## Exercise objective
Without changing a thing, reproduce the entire listing and leave out its pictures.

## Recorded data
"""
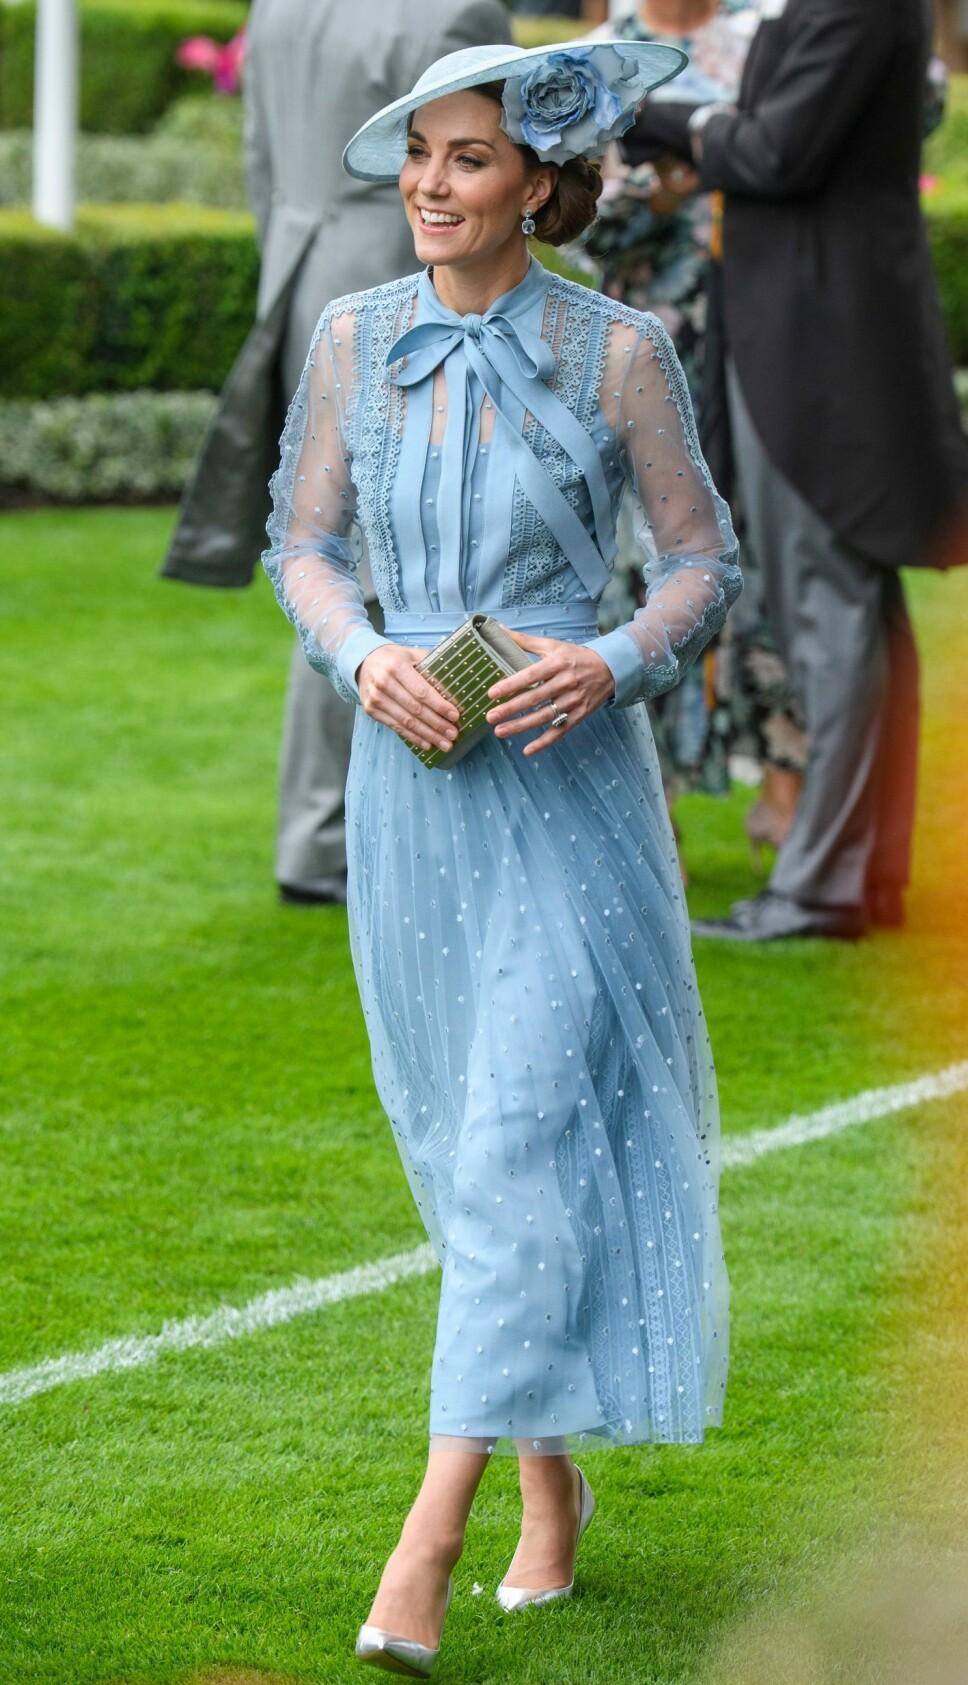 Hertuginne Kate i en nydelig kjole fra Elie Saab.
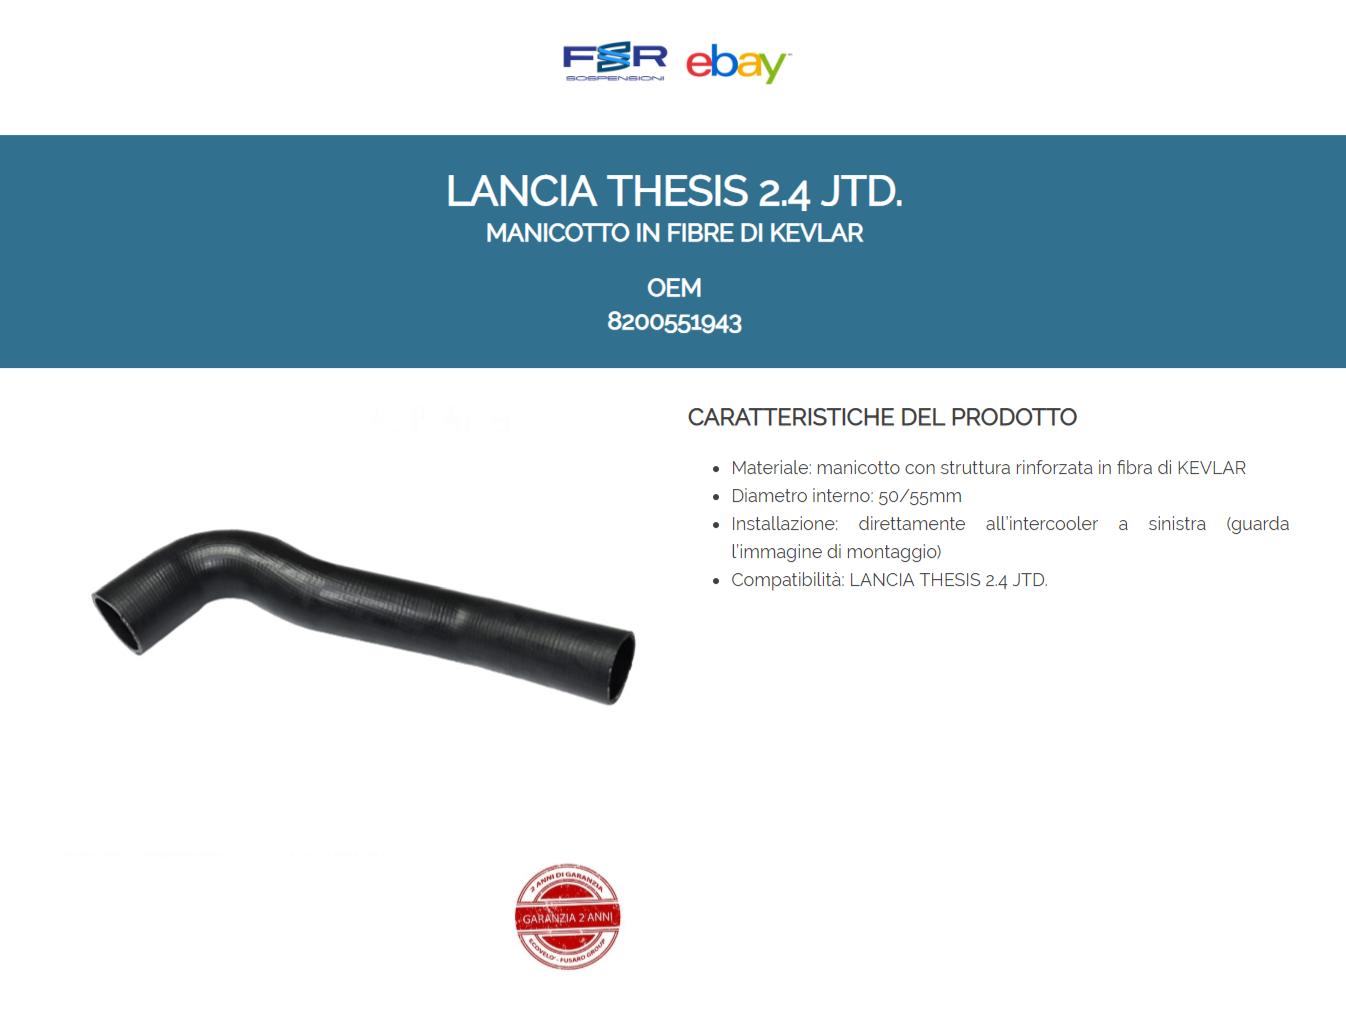 L A N C I A THESIS 2.4 JTD MANICOTTO INTERCOOLER TUBO ARIA 60688697
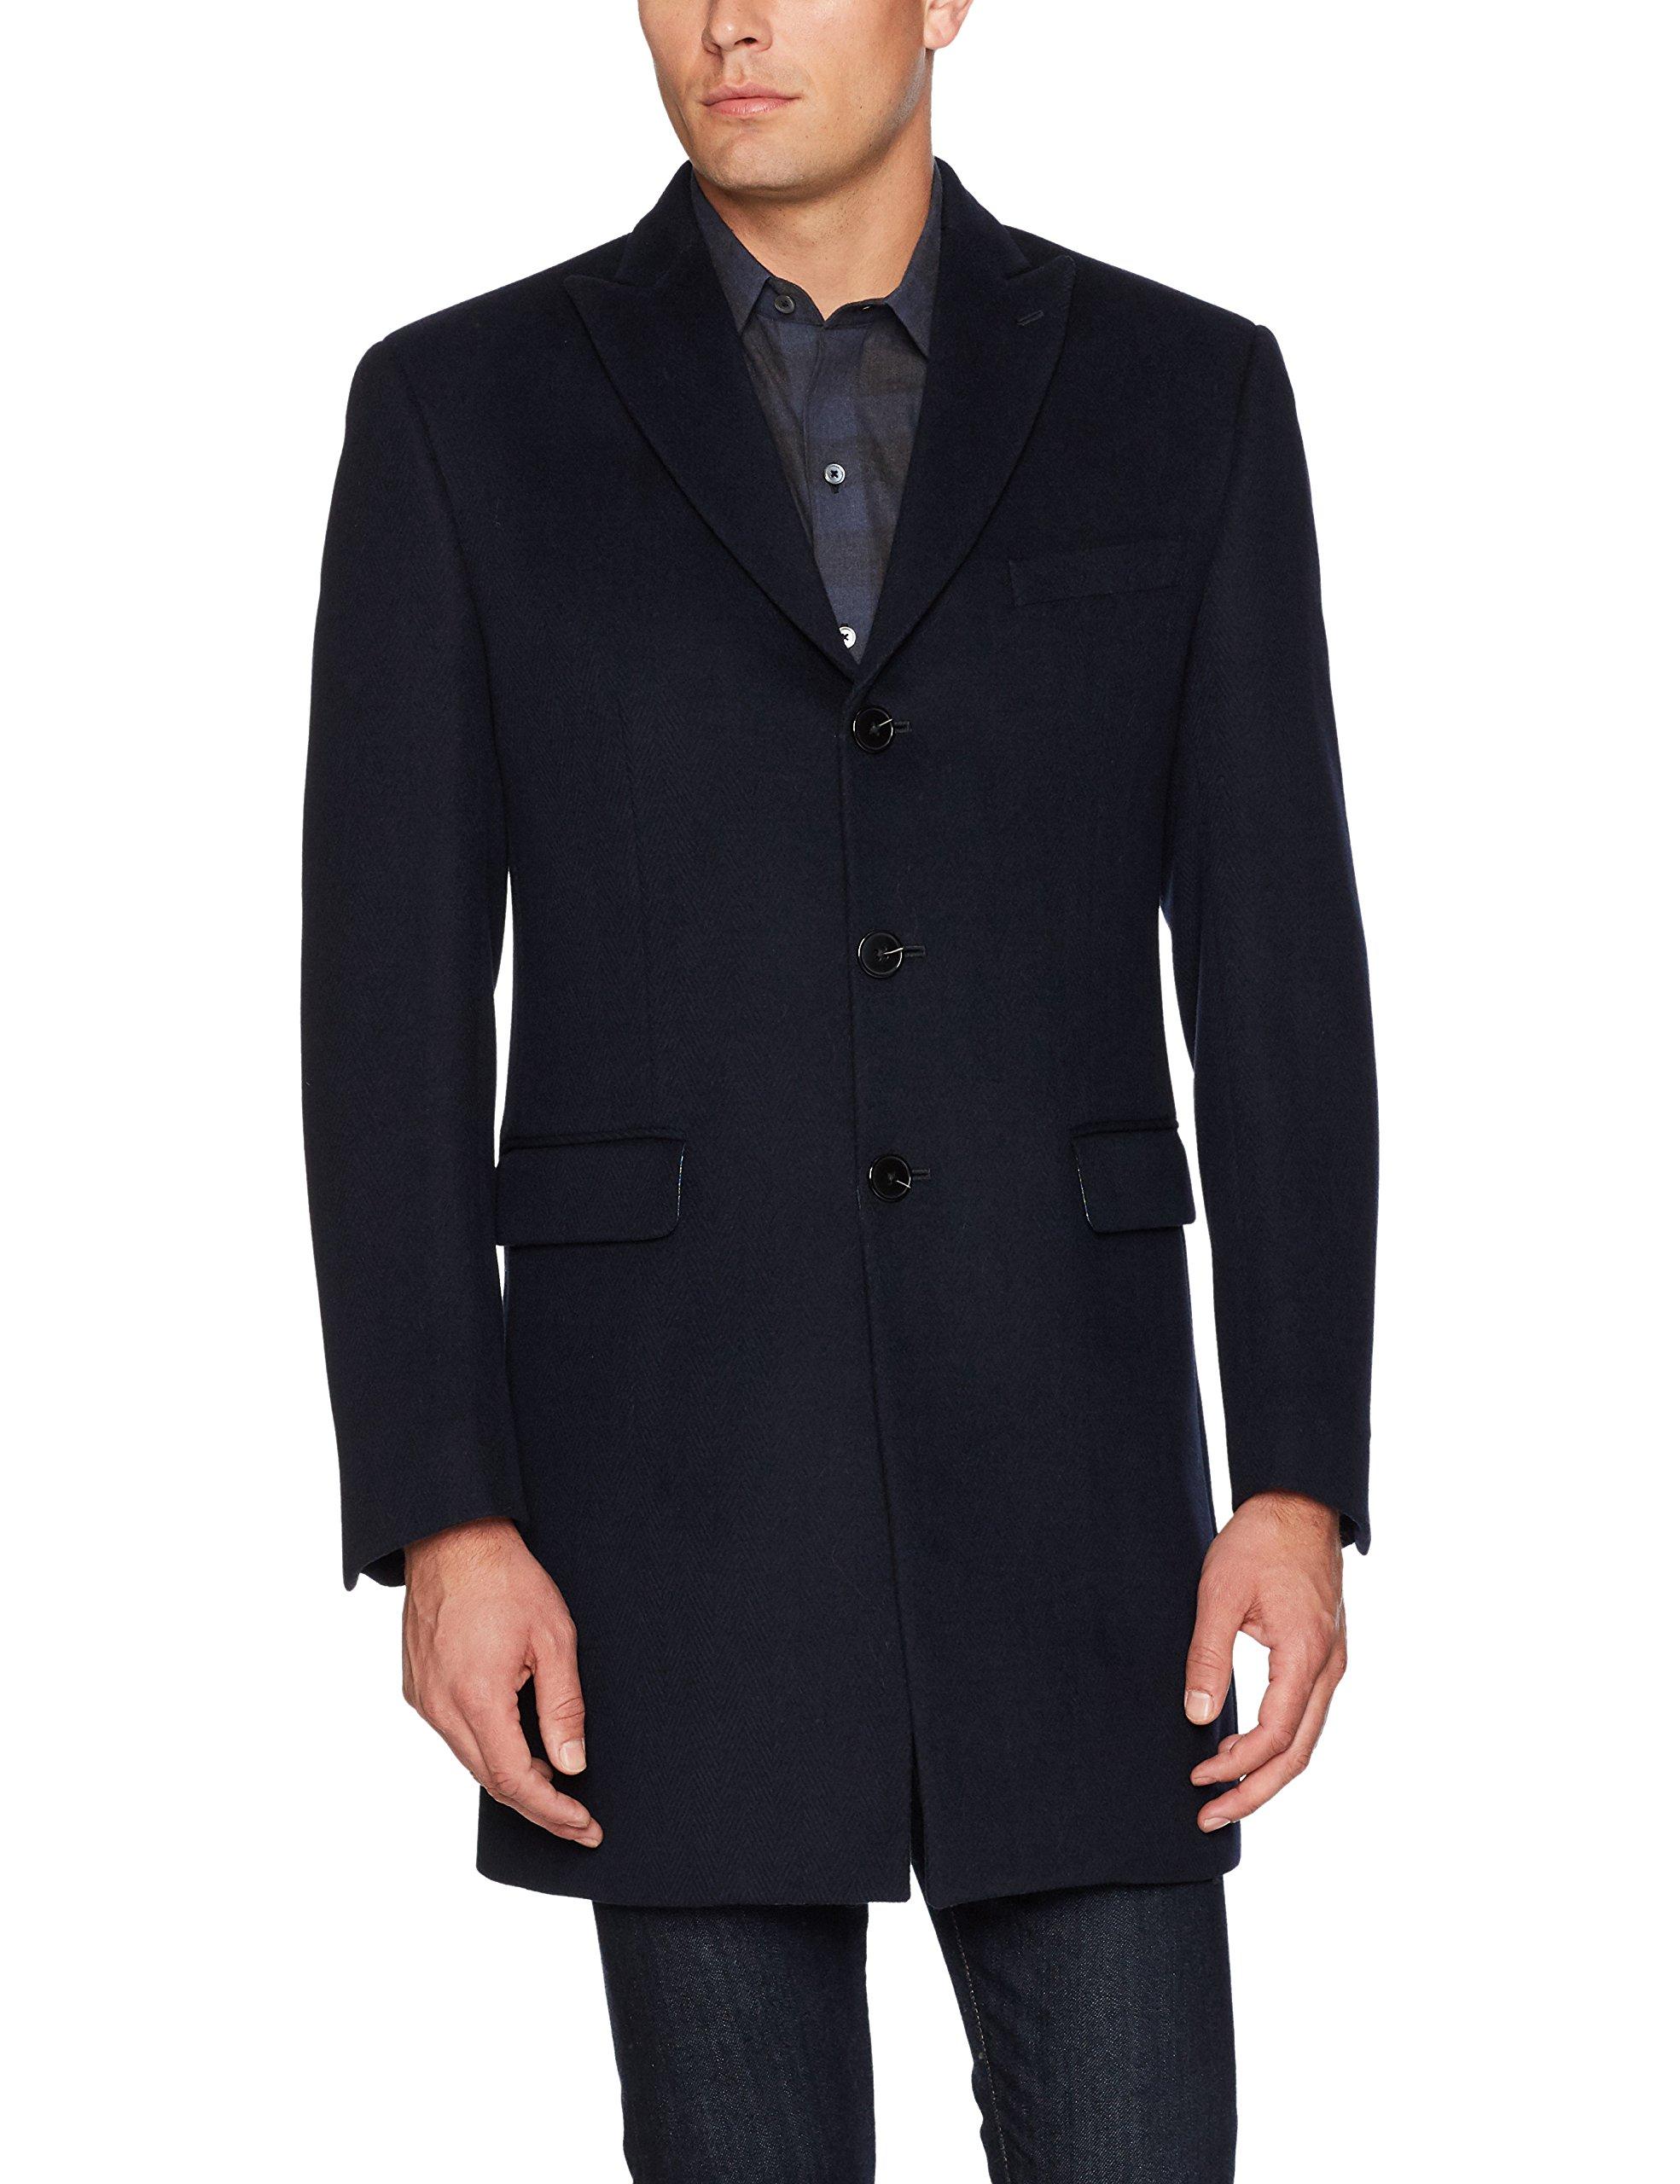 Tallia Men's Versailels Herrring Bone Three Button Peak Lapel Wool Blend Coat, Navy, L
"""
## Answer space
 Hertuginne Kate i en nydelig kjole fra Elie Saab.
 L A N C I A THESIS 2.4 JTD MANICOTTO INTERCOOLER TUBO ARIA 60688697
 Tallia Men's Versailels Herrring Bone Three Button Peak Lapel Wool Blend Coat, Navy, L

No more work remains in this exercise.